O ano se fecha como um espetáculo artístico que chega ao seu final. O teatro da vida pode estar lotado, mas pode também estar vazio. A gente se entrega ao espetáculo que se for bom a gente nem vê o tempo passar, mas se for ruim a gente se angustia. O teatro do existir, qual um espetáculo de arte, acontece indistintamente dos nossos quereres. O espetáculo do sol ignora nossas tristezas e até que  a gente escreva um novo “texto” para nova encenação no teatro do nosso tempo. O espetáculo das estrelas, da noite, das estações, dos dias nossos de todos os santos, transitam em nossa janela como se fosse um desfile de gala em noite de encantamento. “A moça feia debruçou na janela e sorriu”? A moça pode não ser feia, nem ser bonita, precisa apenas que exista no texto que a vida revisou para o teatro apoteótico da nossa existência. 

O ano se fecha como quem se esconde a sete chaves e se imiscui no fundo dos oceanos.  Ele se completa em si cumprindo sua função no tempo. Ignora-nos em nossas necessidades de dominá-lo enquanto tempo e transformá-lo enquanto sonhos, desejos de vida alvissareira. Se na lógica do tempo o ano se fecha, na lógica da semente ele morre para, na qualidade de grão, nascer de novo alimentando nossas ilusões. Cada ano é como se fosse um capítulo do nosso livro da vida. Cheio de mistérios, segue ele como uma locomotiva que ignora o destino dos passageiros. Em cada estação, descem pessoas com sonhos, angustias e solidão. Sobem pessoas animadas, bisonhas, com nesgas de esperanças a tiracolo. Outras felizes, determinadas. Comum a todas, apenas o palco da vida. Ali, posto à sua frente! Todas caminheiras existenciais em busca de serem felizes dos diversos jeitos permitidos ou inventados para isto. 

Acordo com se nem fosse hoje o ultimo dia. De repente, a TV me rebusca com notícias de festas em todos os lugares. Lá fora há um clima de festa, de entrega aos braços do novo ano como se nós não fossemos dele o mentor, mas o vassalo.
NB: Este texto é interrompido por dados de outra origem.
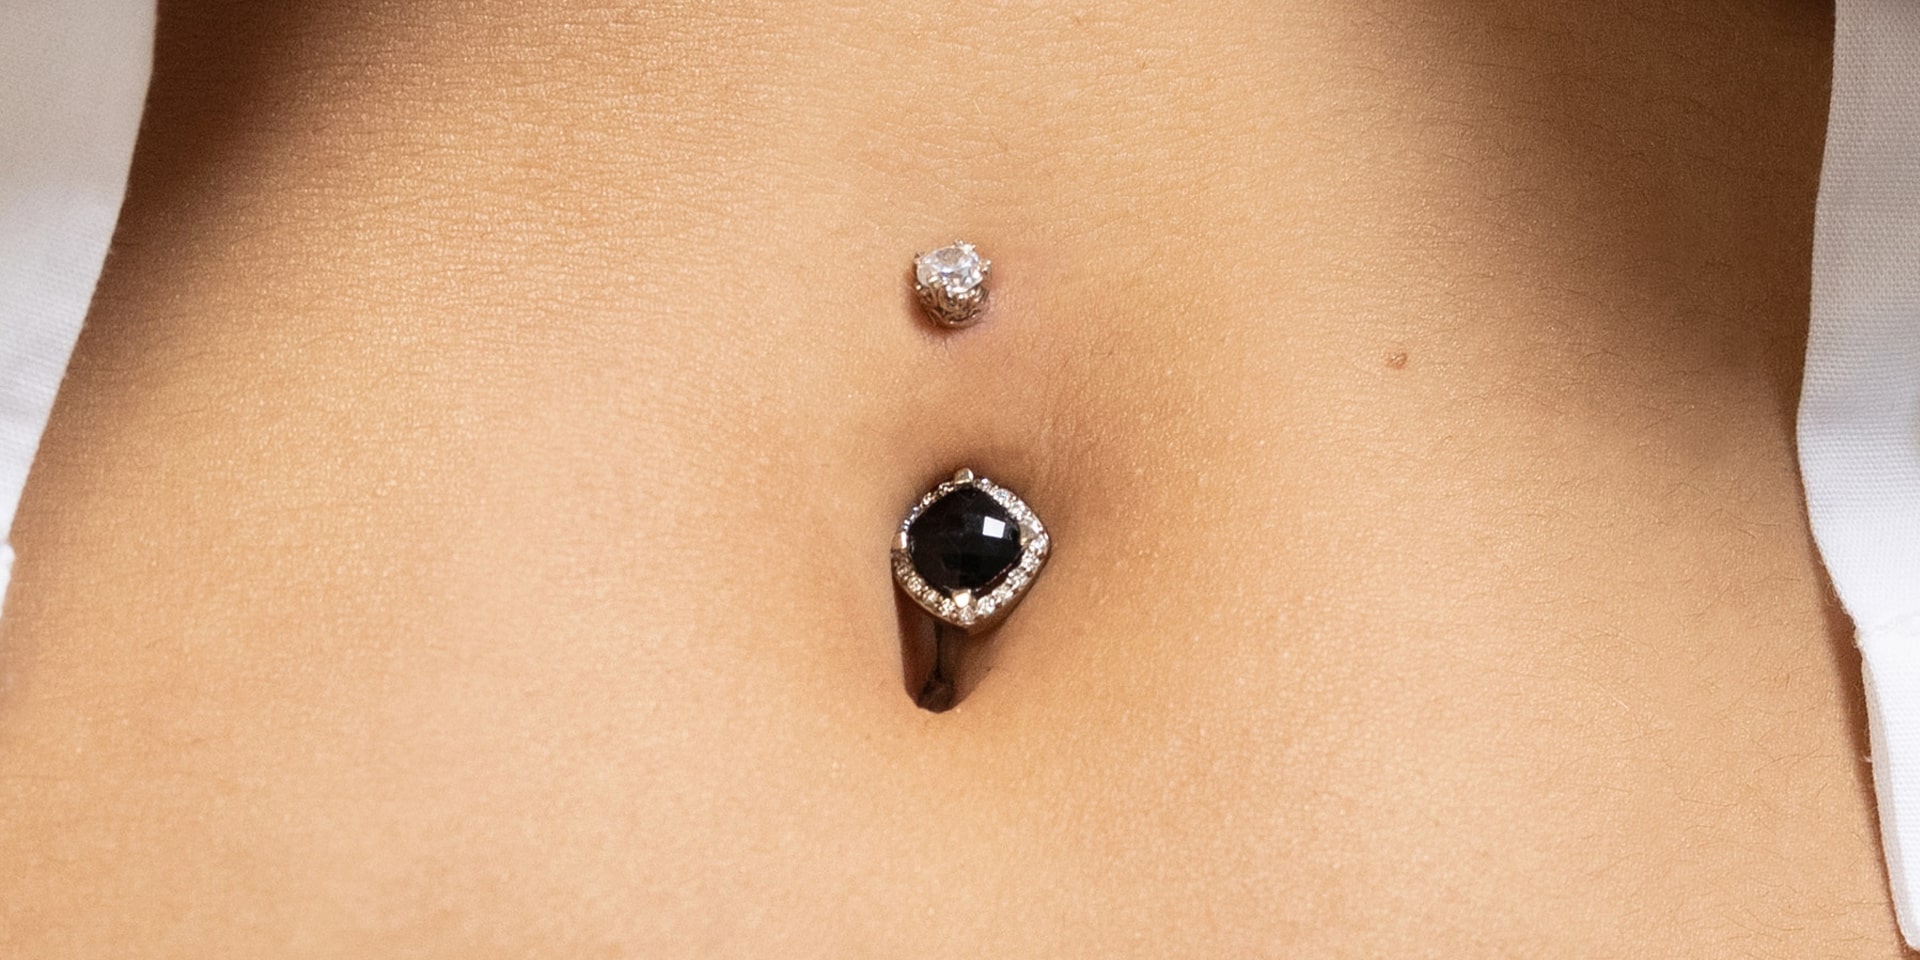 ben pyke recommends pics of belly button piercings pic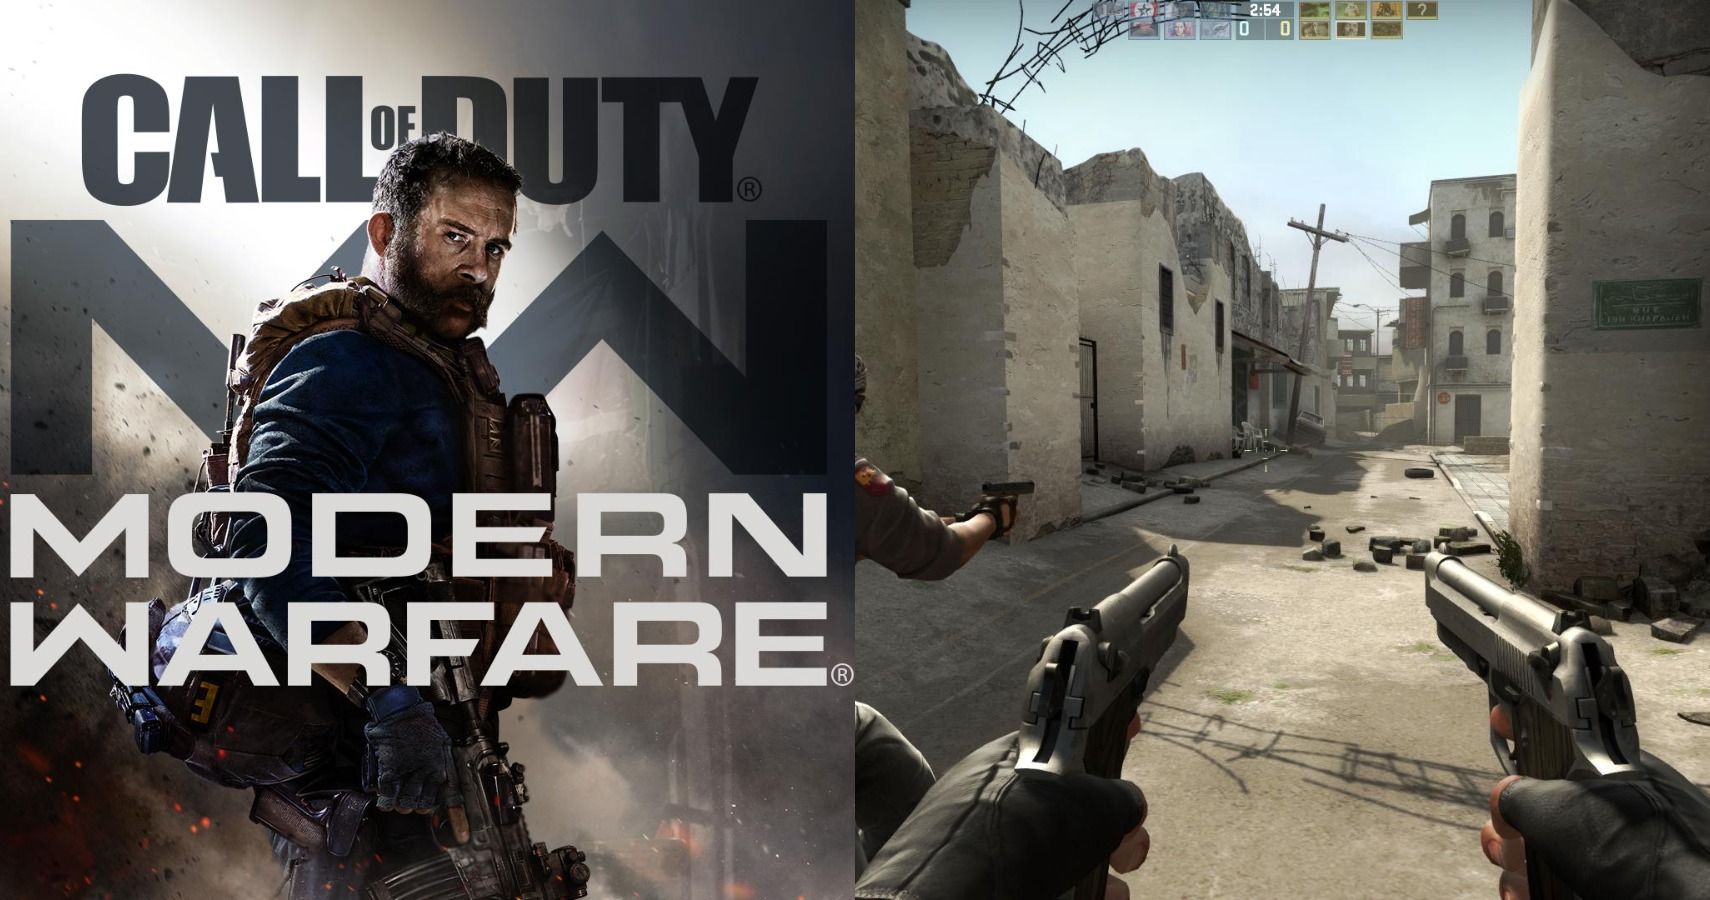 15 First Person Shooters To Play If You Like Call Of Duty Modern Warfare

Despedir-se de um ano e apostar no ano seguinte talvez seja a parte lúdica do teatro do tempo que, por não sabermos dominá-lo, inventamos formas ilusórias salutares, mesmo que questionáveis. Afinal, a lógica do tempo que contém o ano (velho e novo) é a mesma da bola de futebol: tem dois lados: o de dentro e o de fora! Pelo lado de fora festa, réveillon, fogos, champanhe; pelo lado de dento, mistério... Talvez conjugar a ilusão com a realidade fosse o ideal, posto que a vida é regada a sonhos. Estes, certamente, nos sustentam e nos ajudam a enfrentar nossa permanência na grande peça de teatro do nosso existir. Por isto é bom ir ao mar se isto lhe compraz a esperança. É bom vestir branco, se isto ajuda a consolidar a paz. É bom jogar flores ao mar. É bom rezar em pleno primeiro minuto do novo ano. É bom estar perto dos que amamos durante a passagem. Mas é bom que no início do novo ano, modifiquemos o texto daquele novo espetáculo que entra em cartaz por 365 dias e seis horas. Joguemos pela janela do carro, ou da casa, ou ao mar, todos os nossos rancores, todos os nossos “pecados”... Porque precisaremos de espaço no ano novo para de novo PECAR, beijar, sonhar, chorar, mas ser FELIZ como regra.